Ia memang mengapresiasi lantaran pemerintah telah menyusun Strategi dan Rencana Aksi Konservasi Orang Utan. Namun, hal ini dinilainya masih belum cukup.
"Sanksi bagi pelaku masih terlalu ringan. Diperlukan revisi regulasi agar hukuman penjara lebih lama dan denda lebih berat, serta integritas aparat yang tidak mudah suap," tegasnya.
Masalah perdagangan orang utan dan satwa liar ilegal memang tidak bisa dipantau secara sendiri oleh Indonesia. Kendati demikian, Wisnu melihat kerja sama antarnegara terutama di ASEAN sudah baik terkait hal ini.
Sayangnya, sebagian besar upaya konservasi justru masih banyak digerakkan oleh organisasi luar negeri.
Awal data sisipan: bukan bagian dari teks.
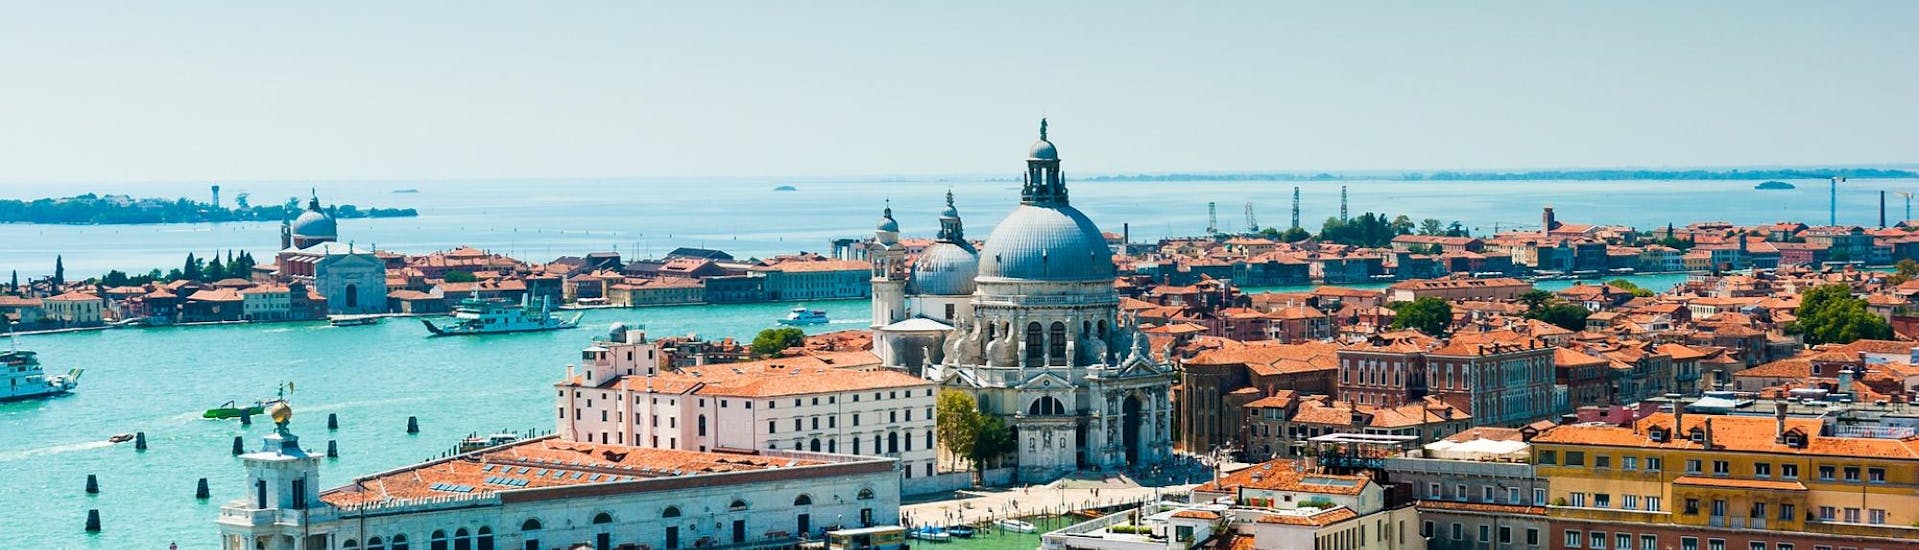 Vista aerea di Venezia, che si può visitare grazie al Transfer in barca a Venezia da Punta Sabbioni con Il Doge di Venezia.

Indonesia menurutnya masih menekankan kebutuhan manusia dibanding konservasi satwa.
"Hal ini dipengaruhi keterbatasan sumber daya, rendahnya kesadaran masyarakat, serta prioritas ekonomi domestik yang lebih menekankan kebutuhan manusia dibanding konservasi satwa," imbuh Wisnu.
Orang Utan Punya Peran Penting Menjaga Keseimbangan Hutan
Orang utan diketahui punya peran penting sebagai satwa kunci dalam menjaga keseimbangan hutan. Lantaran mengonsumsi buah-buahan, orang utan ikut membantu penyebaran biji tanaman melalui fesesnya.
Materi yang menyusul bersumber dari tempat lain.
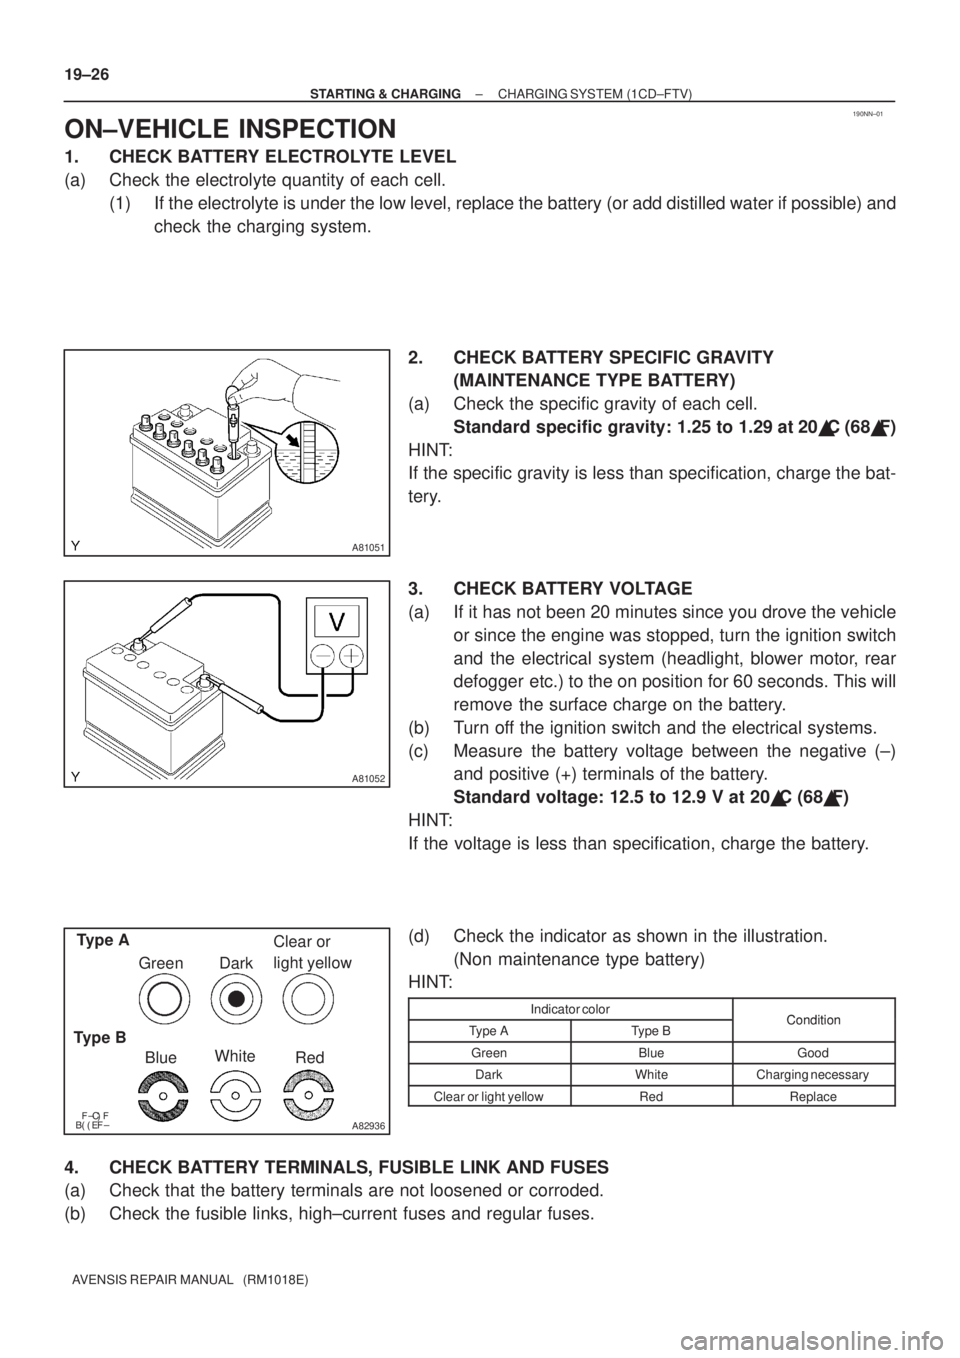 TOYOTA AVENSIS 2003  Service Repair Manual 190NN±01
A81051
A81052
\bA82936
Type A
Type B BlueWhite
Red
Green Dark
Clear or 
light yellow
19±26
±
STARTING & CHARGING CHARGING SYSTEM (1CD±FTV)
AVENSIS REPAIR MANUAL   (RM1018E)
ON�

"Biji-biji itu kemudian tumbuh menjadi tunas baru dan memperkaya biodiversitas. Jadi, hilangnya orang utan akan berdampak pada hilangnya fungsi alami regenerasi hutan," papar Wisnu.
Saat ini, populasi orang utan semakin menurun. Tidak hanya karena diperjual belikan, tetapi juga ada faktor lain, seperti berkurangnya hutan primer akibat kebakaran, pembalakan, dan konversi lahan.
Orang utan merupakan satwa yang tidak bisa hidup di hutan tanaman industri seperti sawit atau kayu. Lantaran hutan primer berkurang, satwa ini kian terdesak.
Ketika jumlah orang utan terus menurun, keadaan ini bisa meningkatkan risiko kerusakan ekosistem dan perubahan iklim. Melihat keadaan ini, Wisnu merekomendasikan berbagai langkah konkret.
"Perlindungan kawasan hutan, penguatan hukum, pendanaan khusus untuk konservasi, serta pendirian pusat rehabilitasi orang utan di berbagai titik," urainya.
Ia juga menekankan pentingnya melibatkan generasi muda di kegiatan riset, pendidikan, dan pengabdian masyarakat. UGM sendiri, memiliki kelompok mahasiswa yang khusus bergerak di bidang konservasi satwa.
"Seperti Kelompok Studi Satwa Liar FKH, Himpunan Mahasiswa Konservasi Sumberdaya Hutan, dan lain-lain. Upaya ini harus terus diperluas agar tumbuh kesadaran kolektif menjaga orang utan sebagai warisan bangsa," tandasnya.